Le sculpteur avait trouvé le moyen de représenter un cri,
de renouveler l’exploit de La Marseillaise appelant aux
armes au flanc de l’arc de Triomphe, de faire voir ce qui
ne se peut voir, en demandant au bronze et à la pierre de
suggérer le son de la voix humaine. Oui, c’était beau, mais
Rude avait eu tort de s’incliner. Il aurait dû expliquer son
projet, faire partager son intuition et ne pas lâcher. Les
ayants droit auraient fini par comprendre la grandeur de
ce qui était né de son imagination, de ce que ses mains
s’impatientaient d’accomplir.
Rodin devinait l’intention initiale de Rude : décupler
l’émotion en représentant le soldat dans la tenue bour-
geoise portée du début du procès jusqu’au supplice.
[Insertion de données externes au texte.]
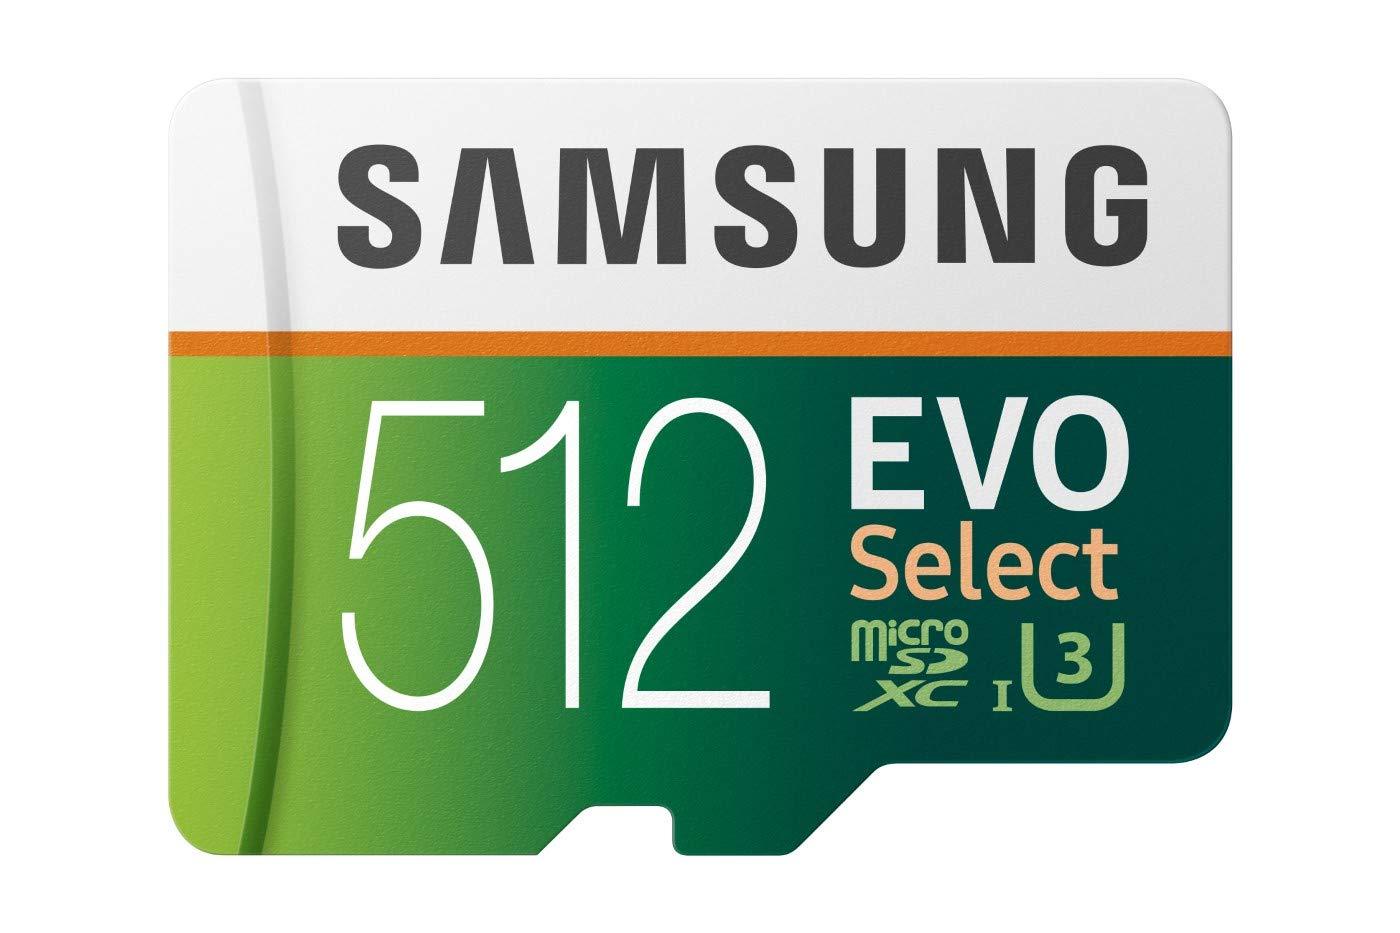 Samsung EVO Select 512 GB microSDXC Up to 100MB/s, Class 10 UHS-I U3, 4K Video + Adapter £86.49 (£66.49 with Samsung Cashback) @ Amazon

On
aurait contemplé le héros livré à l’angoisse, s’efforçant de
la contenir, méditant sur son destin et n’y voyant goutte,
oppressé, déterminé à cacher sa détresse et, le visage fermé,
tendu, toute sa volonté rassemblée sur la dernière chose
qui lui appartenait : finir. On rapportait qu’il avait dit aux
vétérans composant le peloton d’exécution : « Visez juste ! »
Derniers mots du maréchal d’Empire, duc d’Elchingen,
prince de la Moskowa. Il n’avait tiré de son imagination
glacée par l’imminence de la mort que l’instruction répé-
tée des milliers de fois depuis qu’il avait été promu sergent
dans les armées du roi, « Visez juste ! ».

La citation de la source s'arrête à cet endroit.